Lowering the bar

It’s been weeks since my last substantial blog post, so I’m sure that speculation is rampant, out there in the blogosphere, about exactly what has curtailed my output so drastically. Has a rat stepped on my own personal Power button and shut me off? Did the Valar notice that I was writing about them and express their displeasure with a few well-placed lightning bolts? Was I silenced by the global oil cartel for knowing too much about why gasoline prices are high?
Those are all good guesses, but none of these theories are correct. Actually, my lack of blogging over the past few weeks was caused by Nazis. I’ve been working on a post that explains exactly how this happened, but the story is rather long and complicated. It may be a while before I finish it, and it doesn’t make sense to keep my blog on hold while that process continues.
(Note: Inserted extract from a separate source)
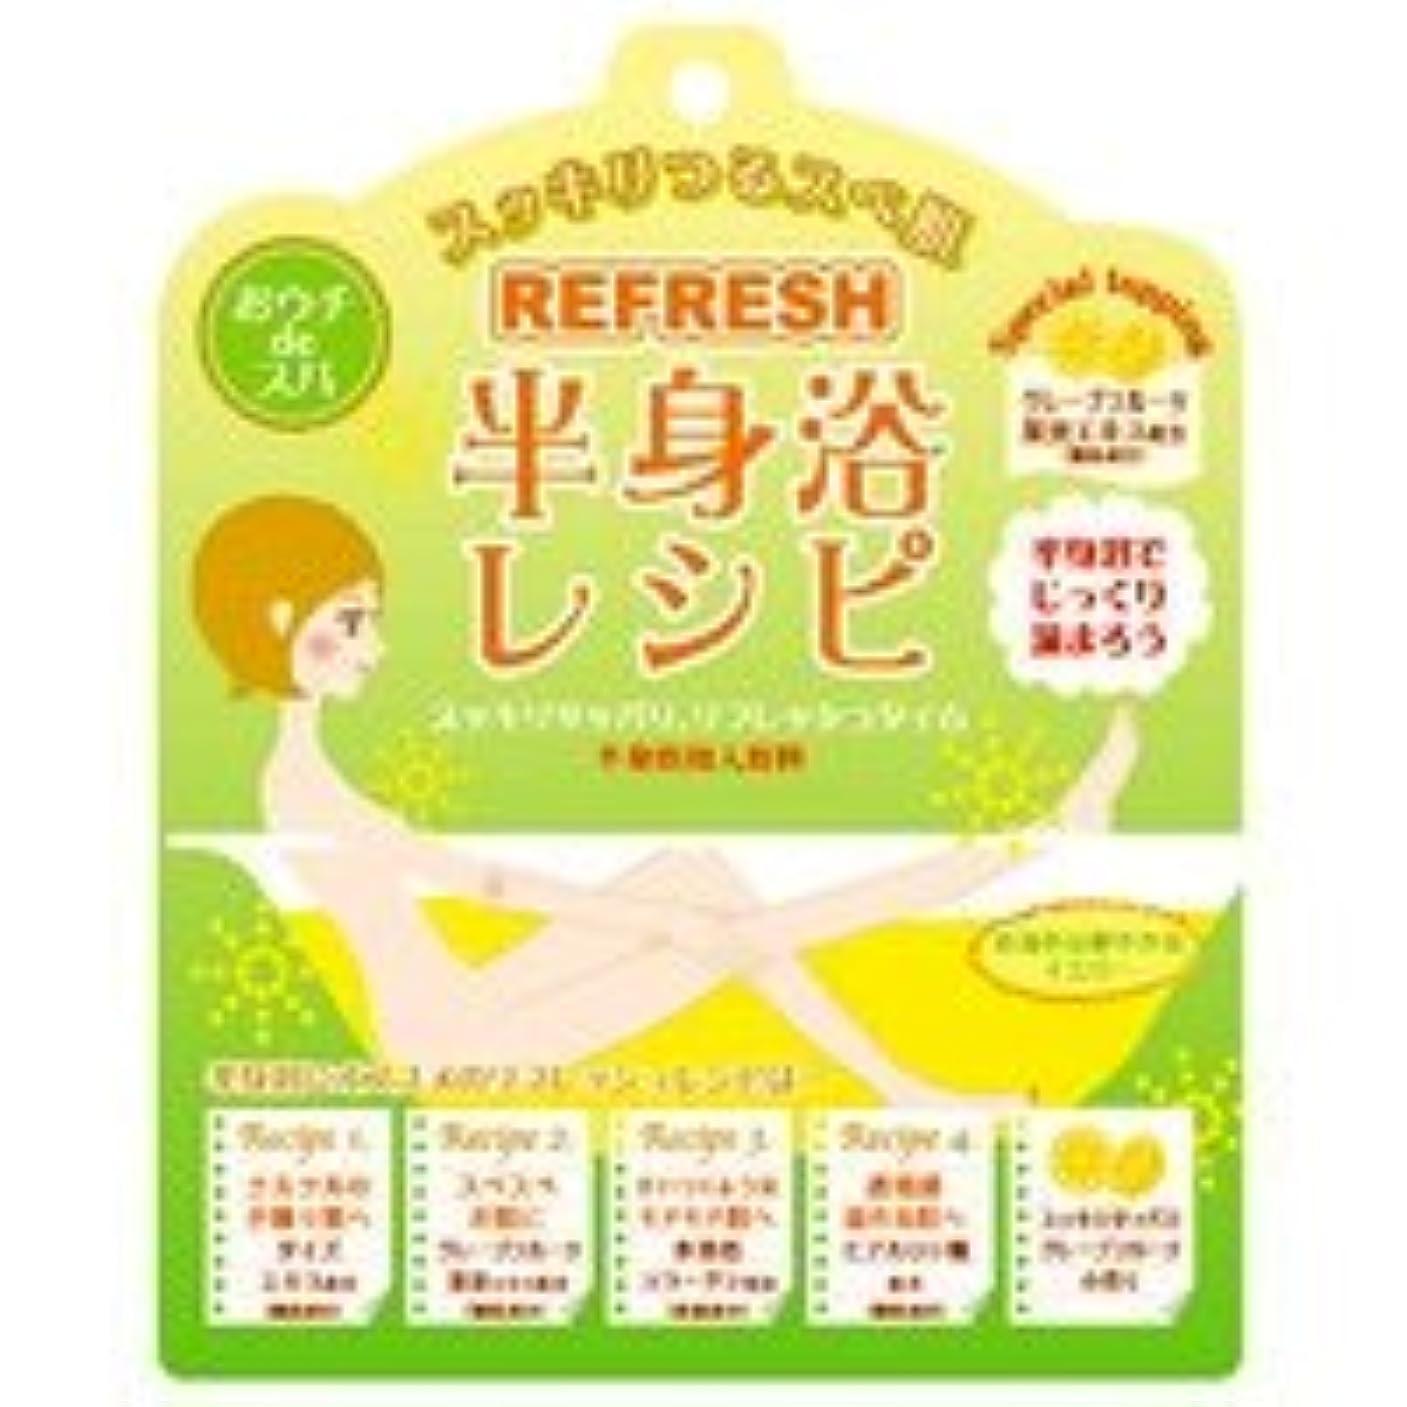 寝る企業アグネスグレイ半身浴レシピ「リフレッシュレシピ」10個セット クリアイエローのお湯 スッキリサッパリなグレープフルーツの香り

This is a chronic problem that I have with blogging. It’s been noted by numerous observers that bloggers tend to fall into two broad types. One type posts brief, pithy items, typically consisting of a link to something elsewhere on the web and a paragraph or two of commentary. (Classic example: Glenn Reynolds.) The other type of blogger posts long, thoughtful essays that explore topics in detail. (Classic example: Steven Den Beste.)
My natural tendency is to emulate Den Beste, but those long essays take a lot of time to write. Den Beste has the time because he’s retired and has no children. I have two teenagers and a full-time job, so emulating Den Beste is not very realistic. As Bob has pointed out, the result ends up looking less like Den Beste’s blog and more like that of Bill Whittle, who writes 10,000-word essays at the rate of one every two or three months. (Whittle isn’t really a blogger at all; he’s an author who’s posting his book on the Web in pieces.)
So perhaps the person I should really try to emulate is Rachel Lucas, who recently returned to blogging after a hiatus of several months. Rachel also is an essayist by nature, but her blog faltered after she graduated from college, bought a house, and started working full-time. She now has, at most, an hour a day for blogging. So she’s had to adjust her blogging style to fit her new limitations. She’s making a conscious effort to write shorter articles and spend less time trying to make each one perfect. And it’s working; her output isn’t what it was a year ago, but she’s posting something every day or two.
Well, if Rachel can do that, maybe I can too. It won’t easy to combat my natural tendencies to be a longwinded perfectionist, but I’ll try. With luck, I should be able to get this blog back on track. As long as I can avoid the Nazis.